The episode was directed by series regular John Holmquist, shortly after the conclusion of the ninth production season, his first episode of the season. Holmquist joined the series in its second season, directing the episode "Running Mates". The episode was written by executive producer and showrunner Mark Hentemann, who joined the show as a writer in its third season, writing the episode "The Kiss Seen Around the World". This was also Hentemann's second episode of the season, after first writing the Brian and Stewie adventure episode "Back to the Pilot". Series regulars Peter Shin and James Purdum served as supervising directors, with Andrew Goldberg, Alex Carter, Spencer Porter, and Elaine Ko serving as staff writers for the episode. Composer Ron Jones, who has worked on the series since its inception, returned to compose the music for "Amish Guy". "Amish Guy" was first announced at the 2011 San Diego Comic-Con on July 23, 2011, by series showrunners and executive producers Steve Callaghan and Hentemann.

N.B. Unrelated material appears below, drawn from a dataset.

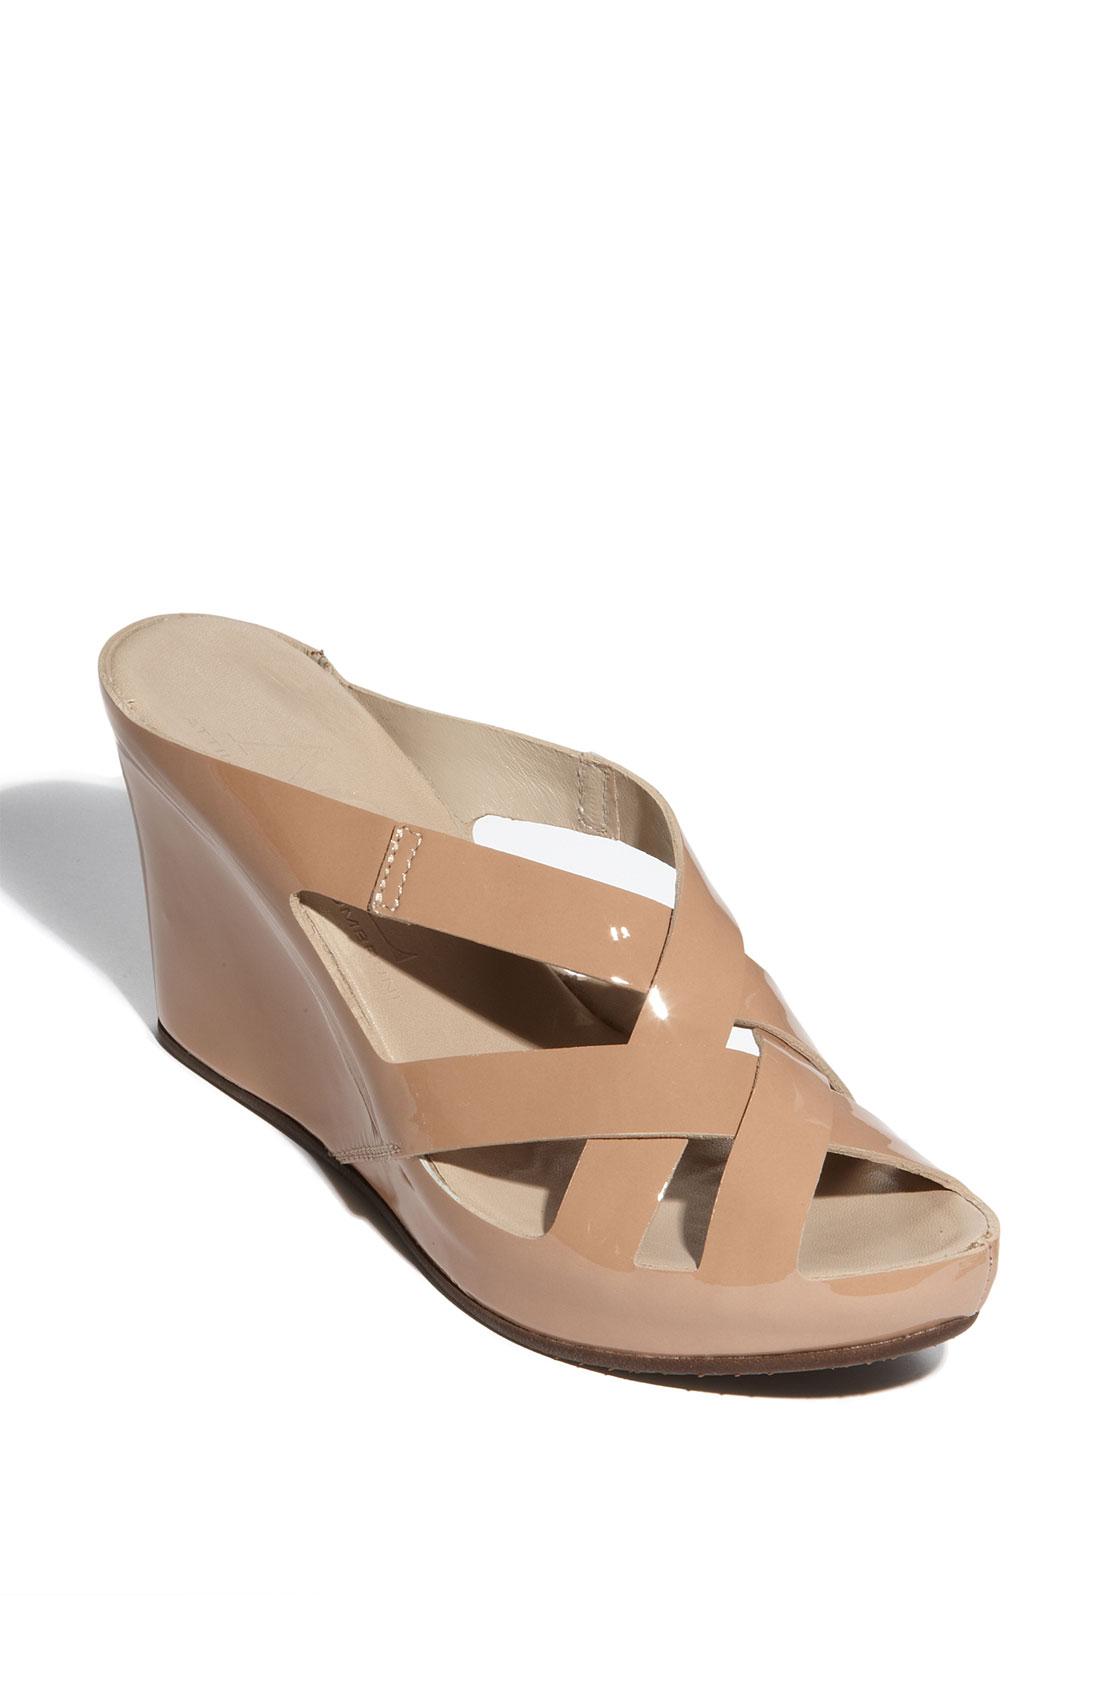 attilio giusti leombruni wedge sandal in beige

In addition to the regular cast, guest stars included actress Christine Lakin, actress Ari Graynor, actor and comedian Bobby Lee, singer and actress Missi Pyle, and voice actor Kevin Michael Richardson, who notably portrays Cleveland Brown, Jr. on Family Guy creator Seth MacFarlane's spin-off series The Cleveland Show. Recurring guest voice actors Alexandra Breckenridge, writer Chris Sheridan, writer Danny Smith, writer Alec Sulkin and writer John Viener made minor appearances throughout the episode.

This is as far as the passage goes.